The Classic Fairy Tales_Norton Critical Edition
Page 46
When the devil’s great-grandmother saw Inger, she put on her spectacles and took a good look at her. “That girl has talent,” she declared. “I’d like to take her back with me as a souvenir. She’d make a perfect statue for my great-grandson’s entrance hall.” And she got her!
That’s how little Inger ended up in hell. People can’t always go straight down there, but if they have a little talent, they can get there in a roundabout way.
The antechamber there seemed endless. It made you dizzy to look straight ahead and dizzy to look back. A crowd of anxious, miserable souls were waiting for the gates of mercy to be flung open. They would have to wait for a long time! Huge, hideous, fat spiders were spinning webs that would last a thousand years around the feet of those waiting, and the webs were like foot screws or manacles that clamped down as strongly as copper chains on the feet. On top of all that, there was a deep sense of despair in every soul, a feeling of anxiety that was itself a torment. Among the crowd was a miser who had lost the key to his money box and now remembered that he had left it in the lock. But wait—it would take far too long to describe all the pain and torment suffered in that place. Inger began to feel the torture of standing still, just like a statue. It was as if she were riveted to the ground by the loaf of bread.

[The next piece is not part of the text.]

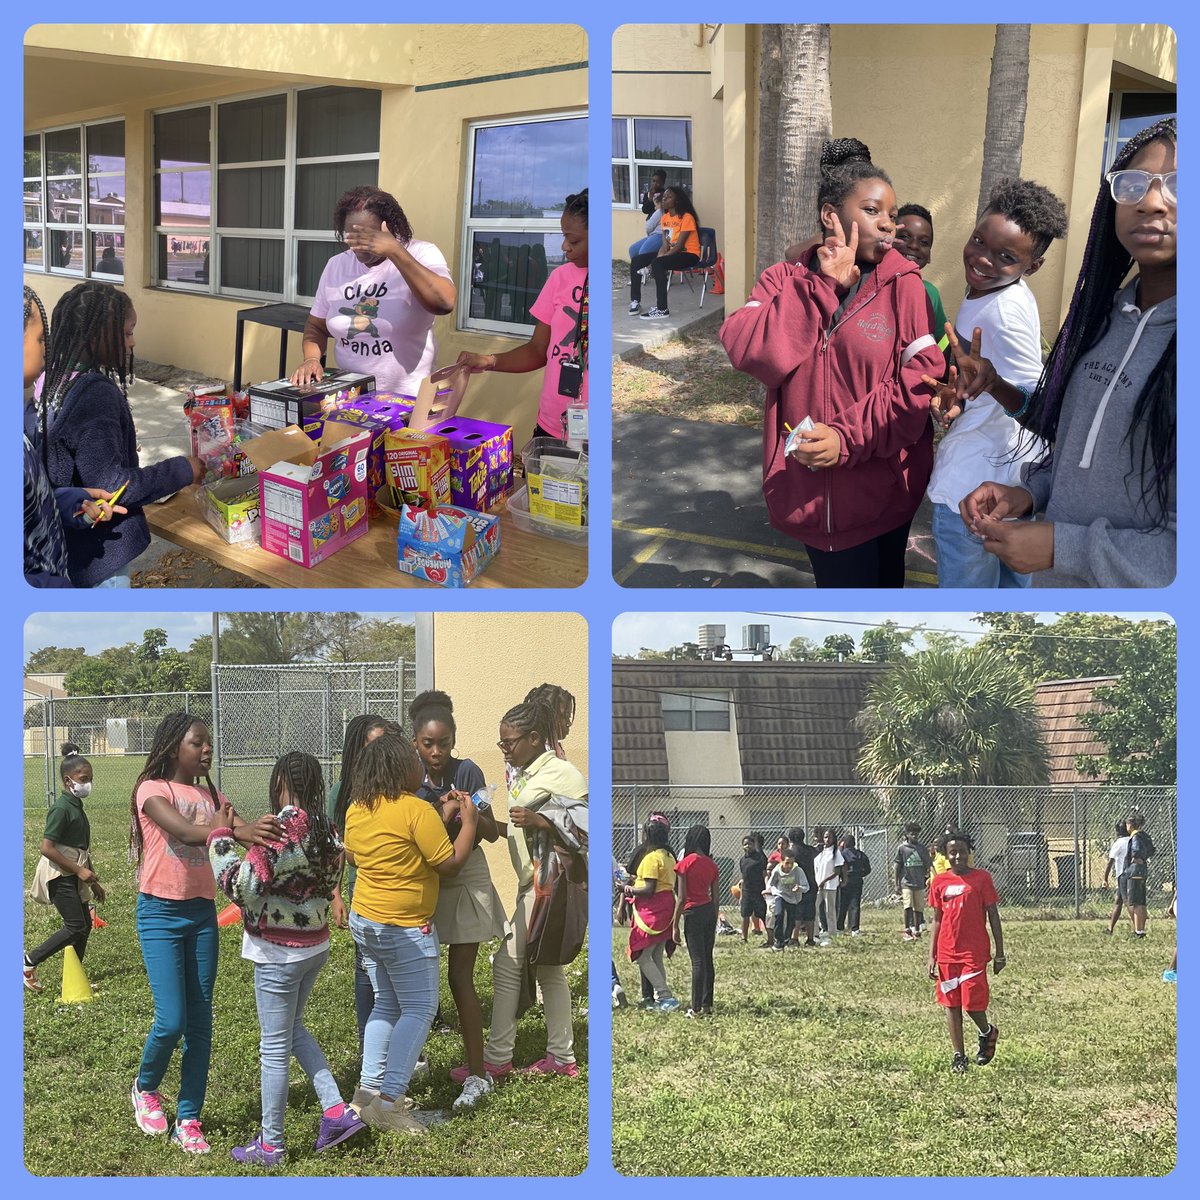 Each month we host Club Panda @RPEMuseummagnet to reward our scholars for displaying kindness and following our Panda Principles. Today we took Club Panda outside! It was a hot but fun time for our scholars. @PrincipalDarby1 @BcpsCentral_ @Mrs_Kessler2020

“This is what comes from trying to keep your shoes clean,” she said to herself. “Look at how they’re all staring at me.” Yes, it’s true, they were all staring at her, with evil passions gleaming in their eyes. They spoke without a sound coming from their mouths, and it was horrifying to look at them!
“It must be a pleasure to look at me,” Inger thought. “I have a pretty face and nice clothes.” And then she turned her eyes, for her neck was too stiff to move. Goodness, how dirty she had become in the Marsh Woman’s brewery! She hadn’t thought of that. Her dress was covered with one great streak of slime; a snake had wound itself into her hair and was dangling down her neck; and from each fold in her dress an ugly toad was peeping out, making a croaking noise that sounded like the bark of a wheezy lapdog. It was most disagreeable. “Still,” she consoled herself, “the others down here look no less dreadful.”
Worst of all was the terrible hunger Inger felt. If she could just stoop down and break off a bit of the loaf on which she was standing! Impossible—for her back had stiffened, her arms and hands had stiffened, and her entire body was like a statue made of stone. All she could do was roll her eyes, roll them right around so that she could see what was behind her, and that was truly a ghastly sight. Flies began to land on her, and they crawled back and forth across her eyes. She blinked, but the flies wouldn’t go away. They couldn’t fly away because their wings had been pulled off, and they had become creeping insects. That made Inger’s torment even worse, and, as for the pangs of hunger, it began to feel to her as if her innards were eating themselves up. She began to feel so empty inside, so terribly empty.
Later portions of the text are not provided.